Your assignment: Beginning with the line that holds "World Champion Ole", copy each line through the end of the material below, exactly and with no pictures.
+++ Source data +++
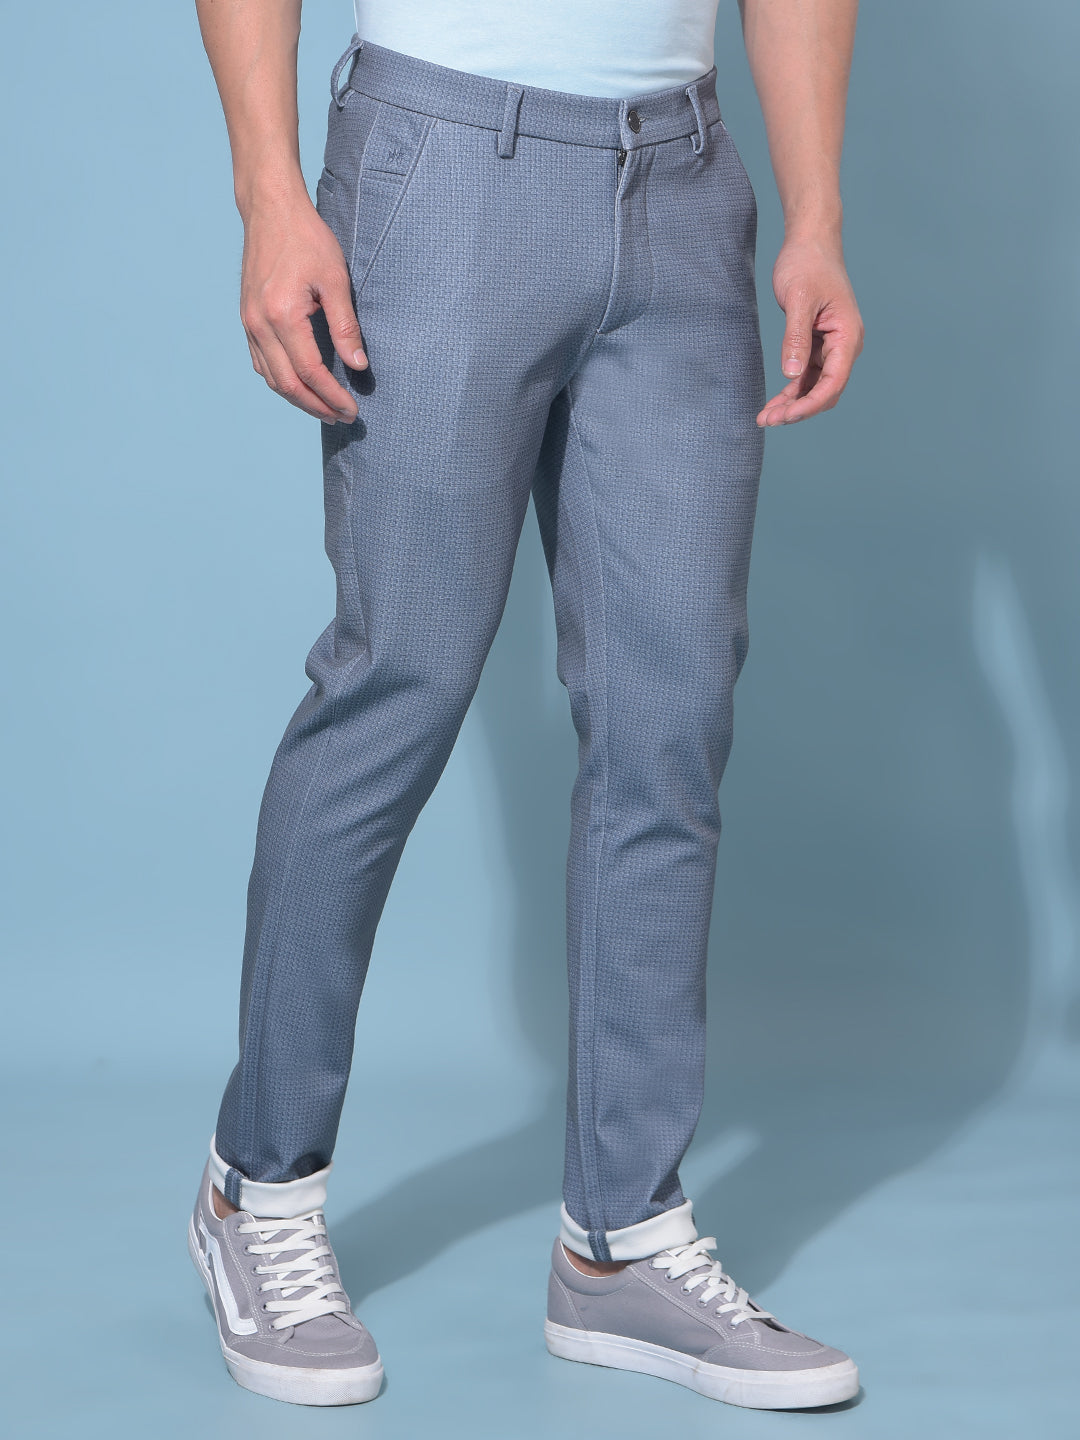 Grey Stretchable Printed Trousers-Men Trousers-Crimsoune Club
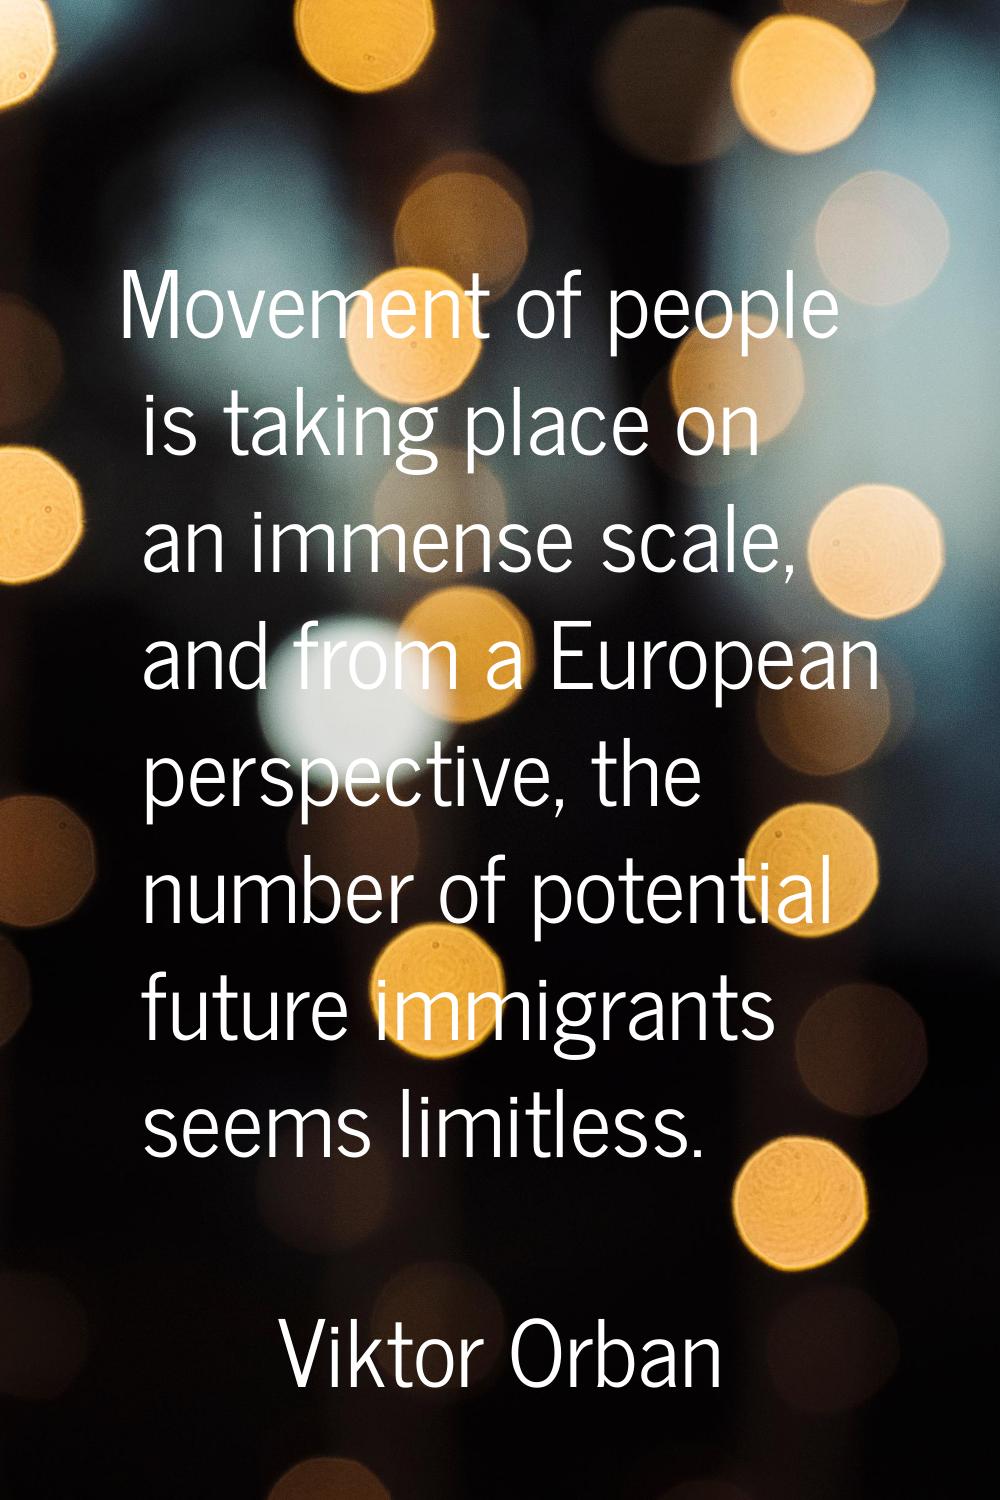 Movement of people is taking place on an immense scale, and from a European perspective, the number
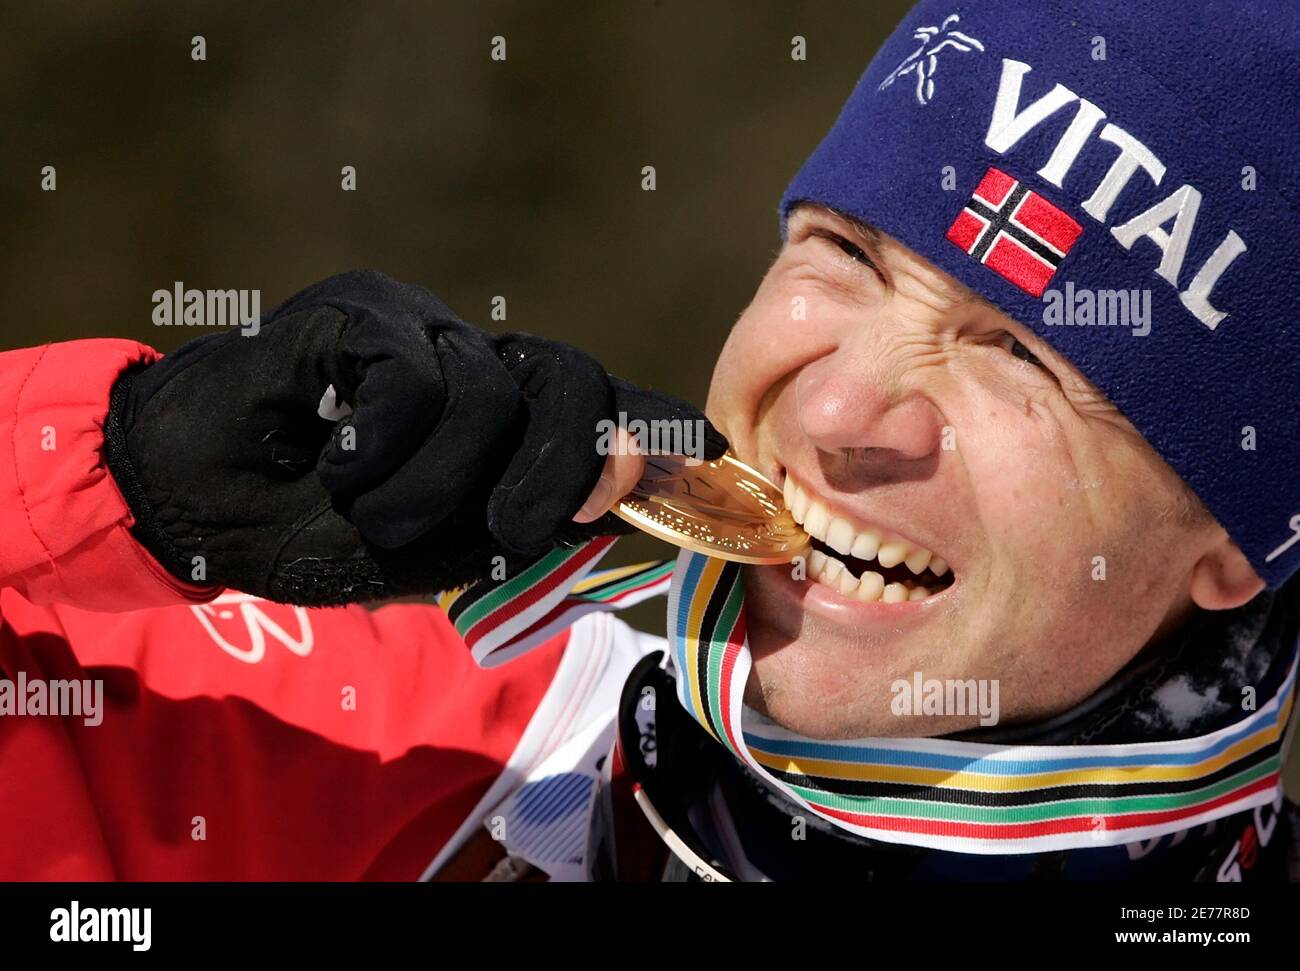 World Champion Ole Einar Bjoerndalen of Norway poses with his gold medal at  the end of the men's 10 km sprint race competition at the Biathlon World  Championship in the northern Italy
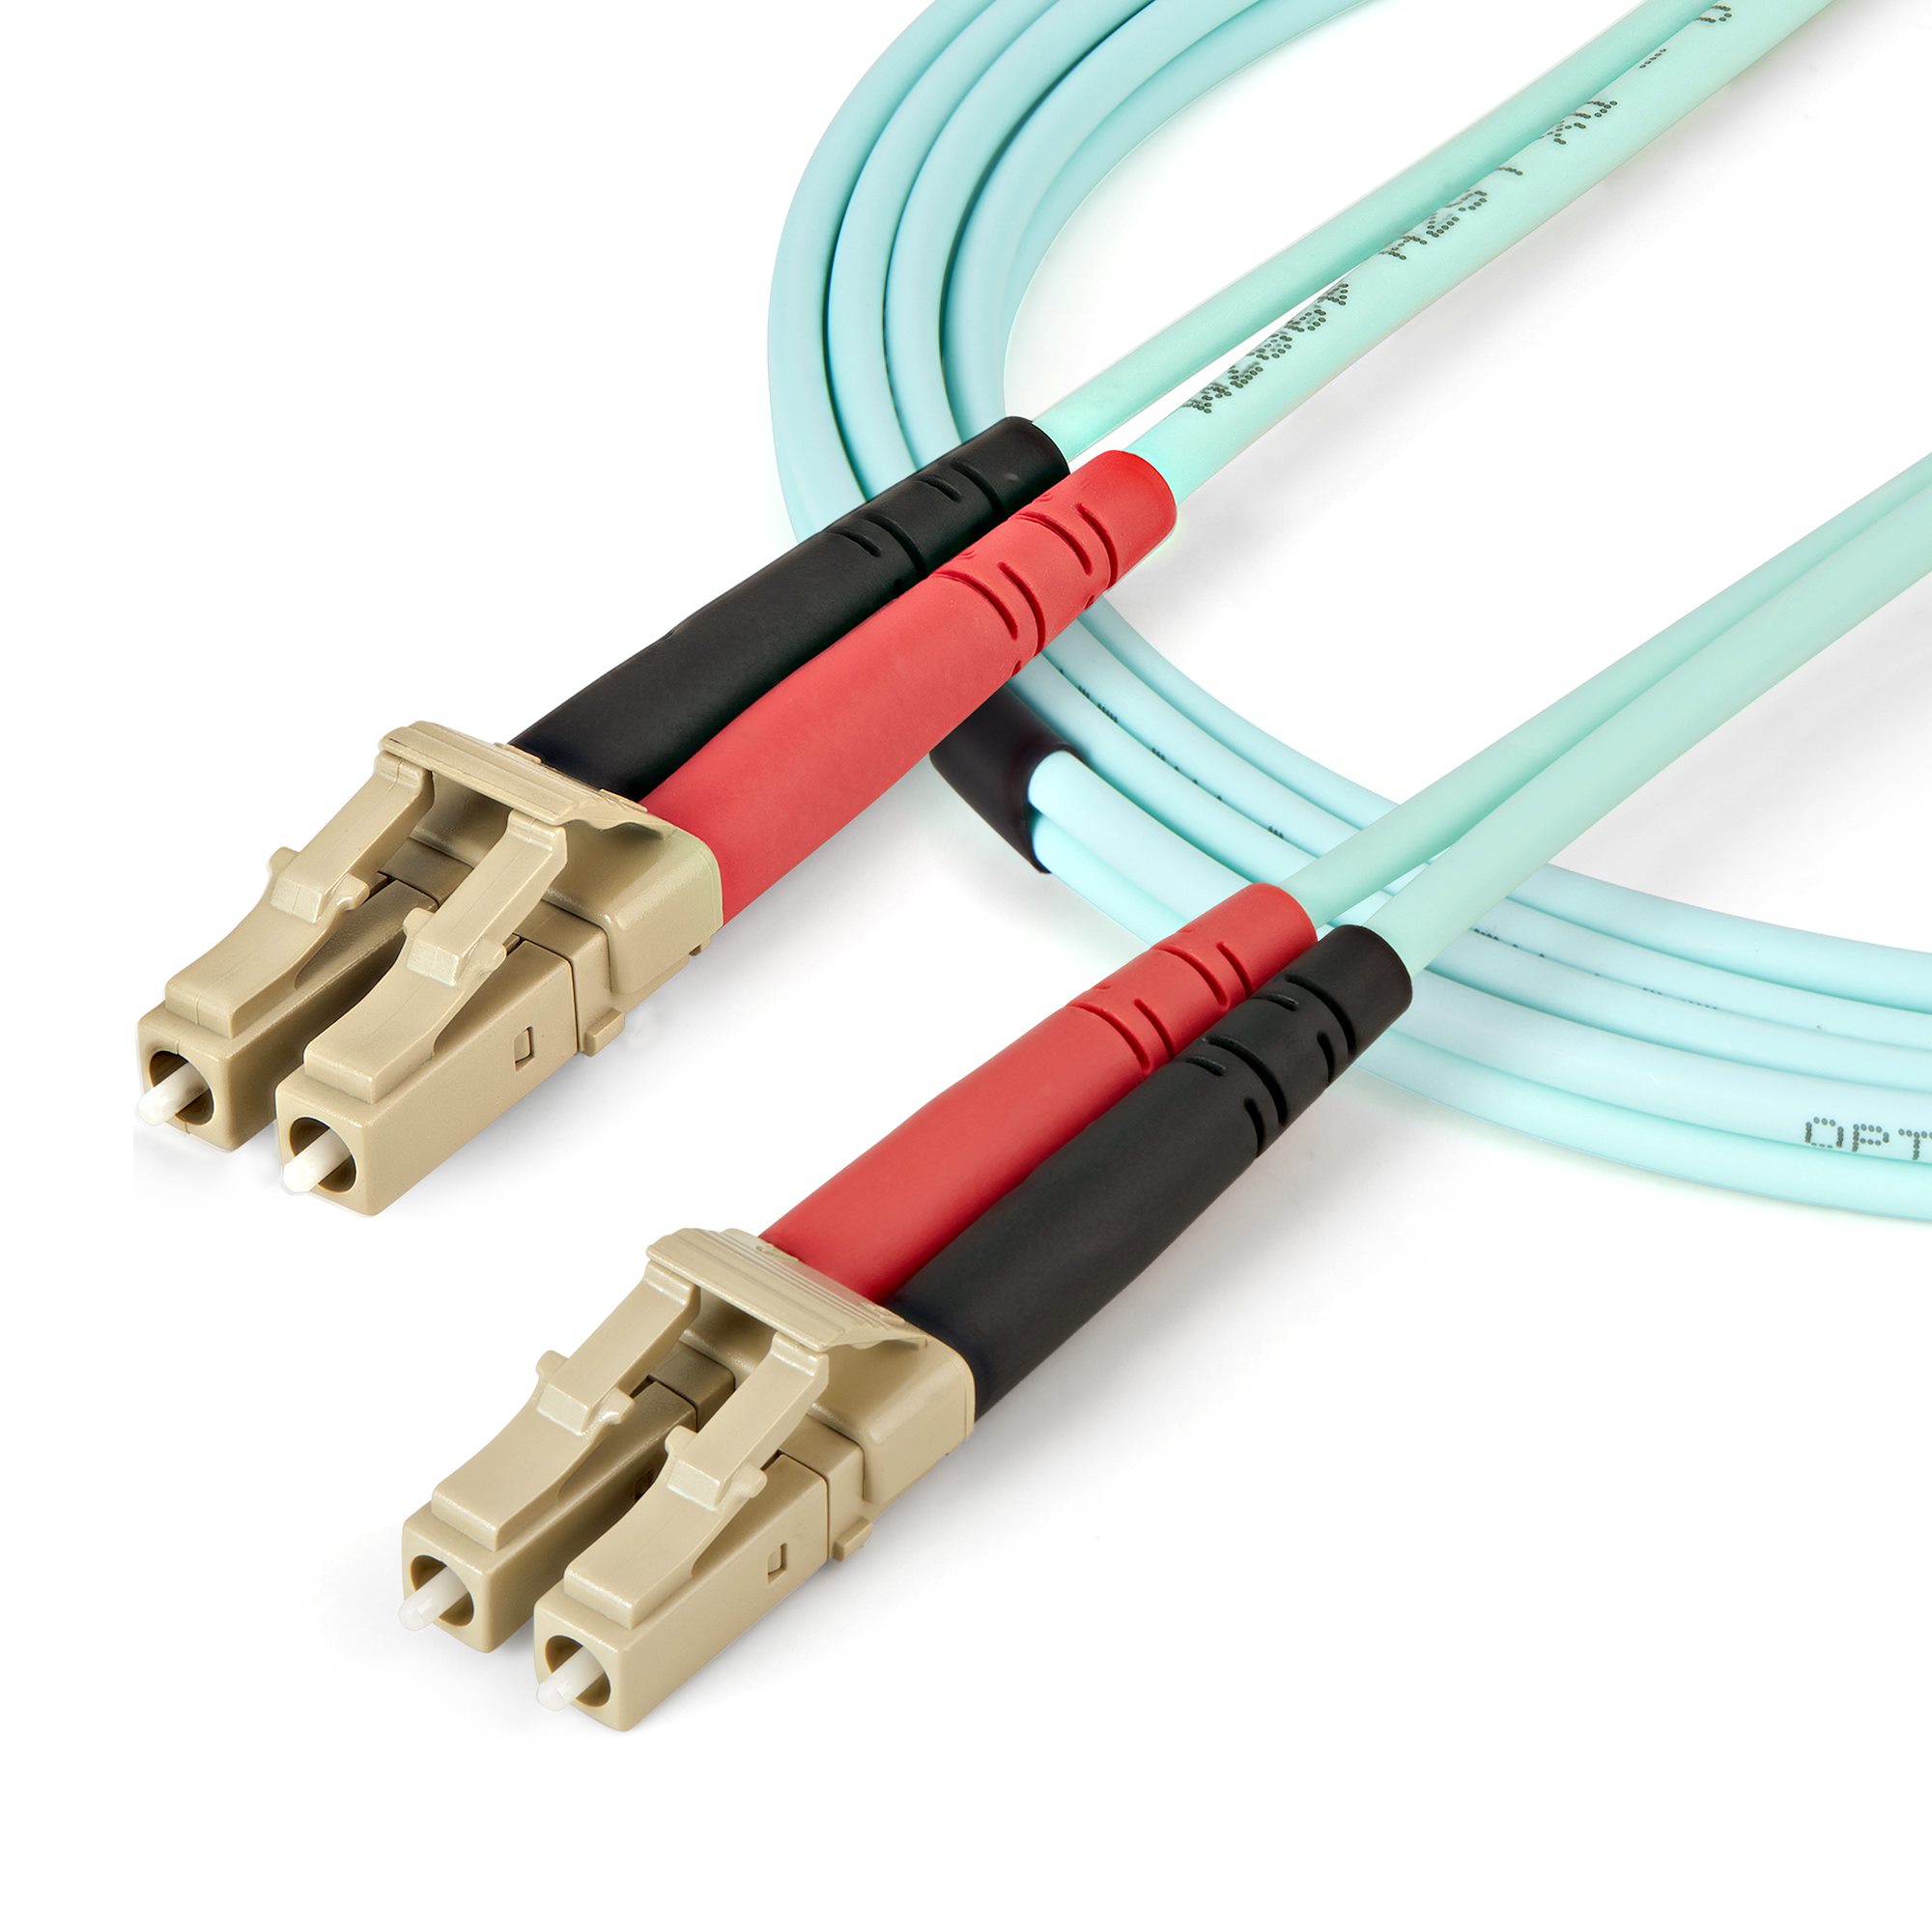 Cable HDMI 2M sans emballage
+++
Answer for the task:
 World Champion Ole Einar Bjoerndalen of Norway poses with his gold medal at  the end of the men's 10 km sprint race competition at the Biathlon World  Championship in the northern Italy
 Cable HDMI 2M sans emballage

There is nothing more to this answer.